::: Material for this exercise

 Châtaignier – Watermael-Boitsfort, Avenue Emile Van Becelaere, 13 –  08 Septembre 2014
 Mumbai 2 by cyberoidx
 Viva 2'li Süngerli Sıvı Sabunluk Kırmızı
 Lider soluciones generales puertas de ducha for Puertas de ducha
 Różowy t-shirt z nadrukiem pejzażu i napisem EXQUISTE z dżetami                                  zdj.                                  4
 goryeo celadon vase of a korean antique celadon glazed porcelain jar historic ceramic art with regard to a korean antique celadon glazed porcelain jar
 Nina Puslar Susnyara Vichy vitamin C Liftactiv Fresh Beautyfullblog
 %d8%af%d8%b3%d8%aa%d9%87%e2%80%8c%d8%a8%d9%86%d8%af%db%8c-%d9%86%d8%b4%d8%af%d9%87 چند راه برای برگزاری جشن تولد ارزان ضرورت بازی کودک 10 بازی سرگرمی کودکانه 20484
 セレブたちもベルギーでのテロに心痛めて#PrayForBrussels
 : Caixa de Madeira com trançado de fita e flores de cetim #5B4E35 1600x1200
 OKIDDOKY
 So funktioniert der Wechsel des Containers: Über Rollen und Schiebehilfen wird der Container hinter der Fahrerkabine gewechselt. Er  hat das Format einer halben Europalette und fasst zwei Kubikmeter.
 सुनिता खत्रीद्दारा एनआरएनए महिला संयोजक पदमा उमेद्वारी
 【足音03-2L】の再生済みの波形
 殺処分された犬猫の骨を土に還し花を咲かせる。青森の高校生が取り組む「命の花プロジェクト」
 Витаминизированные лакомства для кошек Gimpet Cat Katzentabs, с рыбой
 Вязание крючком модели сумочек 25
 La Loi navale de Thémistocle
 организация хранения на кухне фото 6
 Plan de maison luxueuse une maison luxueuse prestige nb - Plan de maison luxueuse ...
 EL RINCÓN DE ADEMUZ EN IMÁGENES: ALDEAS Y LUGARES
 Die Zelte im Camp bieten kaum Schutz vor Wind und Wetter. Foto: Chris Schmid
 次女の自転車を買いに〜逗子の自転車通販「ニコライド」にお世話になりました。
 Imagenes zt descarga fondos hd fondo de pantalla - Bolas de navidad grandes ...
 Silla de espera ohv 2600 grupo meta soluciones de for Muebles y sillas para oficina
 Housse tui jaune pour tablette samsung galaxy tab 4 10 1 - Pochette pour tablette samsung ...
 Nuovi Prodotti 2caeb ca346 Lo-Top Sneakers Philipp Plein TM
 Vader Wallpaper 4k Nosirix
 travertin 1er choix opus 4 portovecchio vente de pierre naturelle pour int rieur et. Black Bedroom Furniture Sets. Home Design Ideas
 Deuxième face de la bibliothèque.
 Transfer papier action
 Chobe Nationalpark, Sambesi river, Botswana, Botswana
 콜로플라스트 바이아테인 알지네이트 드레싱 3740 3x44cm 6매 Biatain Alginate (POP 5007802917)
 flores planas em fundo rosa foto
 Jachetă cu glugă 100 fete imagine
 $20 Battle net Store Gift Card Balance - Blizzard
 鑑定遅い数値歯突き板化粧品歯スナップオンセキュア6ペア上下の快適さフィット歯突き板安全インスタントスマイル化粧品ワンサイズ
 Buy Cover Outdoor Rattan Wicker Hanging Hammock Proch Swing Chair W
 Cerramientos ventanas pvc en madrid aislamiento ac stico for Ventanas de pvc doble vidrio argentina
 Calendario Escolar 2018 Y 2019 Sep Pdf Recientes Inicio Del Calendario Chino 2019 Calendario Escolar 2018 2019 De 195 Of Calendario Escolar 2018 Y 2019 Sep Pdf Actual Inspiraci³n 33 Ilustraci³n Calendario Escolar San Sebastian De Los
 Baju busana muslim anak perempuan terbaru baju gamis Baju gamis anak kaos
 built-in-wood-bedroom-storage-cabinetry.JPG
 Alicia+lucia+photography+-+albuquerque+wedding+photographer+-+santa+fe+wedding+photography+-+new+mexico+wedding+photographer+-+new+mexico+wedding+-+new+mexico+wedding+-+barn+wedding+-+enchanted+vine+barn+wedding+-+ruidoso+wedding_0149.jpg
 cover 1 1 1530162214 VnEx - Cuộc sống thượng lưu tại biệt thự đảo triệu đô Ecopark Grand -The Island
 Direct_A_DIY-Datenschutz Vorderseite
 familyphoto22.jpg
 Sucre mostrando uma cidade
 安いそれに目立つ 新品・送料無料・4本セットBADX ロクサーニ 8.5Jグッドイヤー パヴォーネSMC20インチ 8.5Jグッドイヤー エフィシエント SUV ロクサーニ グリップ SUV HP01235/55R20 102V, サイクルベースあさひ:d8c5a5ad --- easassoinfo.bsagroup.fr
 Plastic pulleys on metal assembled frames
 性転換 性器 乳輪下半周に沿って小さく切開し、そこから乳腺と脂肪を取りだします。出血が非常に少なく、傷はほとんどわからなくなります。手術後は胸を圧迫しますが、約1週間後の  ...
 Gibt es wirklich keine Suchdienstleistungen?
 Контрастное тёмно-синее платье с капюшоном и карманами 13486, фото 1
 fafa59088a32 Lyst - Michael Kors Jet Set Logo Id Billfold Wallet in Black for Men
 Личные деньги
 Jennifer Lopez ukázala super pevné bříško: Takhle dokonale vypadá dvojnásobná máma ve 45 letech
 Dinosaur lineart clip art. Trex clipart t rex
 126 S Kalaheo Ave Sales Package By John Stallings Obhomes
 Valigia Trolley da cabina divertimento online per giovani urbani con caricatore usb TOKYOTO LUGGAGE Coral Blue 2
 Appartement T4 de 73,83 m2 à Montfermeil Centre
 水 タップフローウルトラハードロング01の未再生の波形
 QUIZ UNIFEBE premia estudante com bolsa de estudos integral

::::::

◆ Exercise directions: Each line of the data that holds the word "Black" should be copied.

◆ Output of the exercise:
 travertin 1er choix opus 4 portovecchio vente de pierre naturelle pour int rieur et. Black Bedroom Furniture Sets. Home Design Ideas
 fafa59088a32 Lyst - Michael Kors Jet Set Logo Id Billfold Wallet in Black for Men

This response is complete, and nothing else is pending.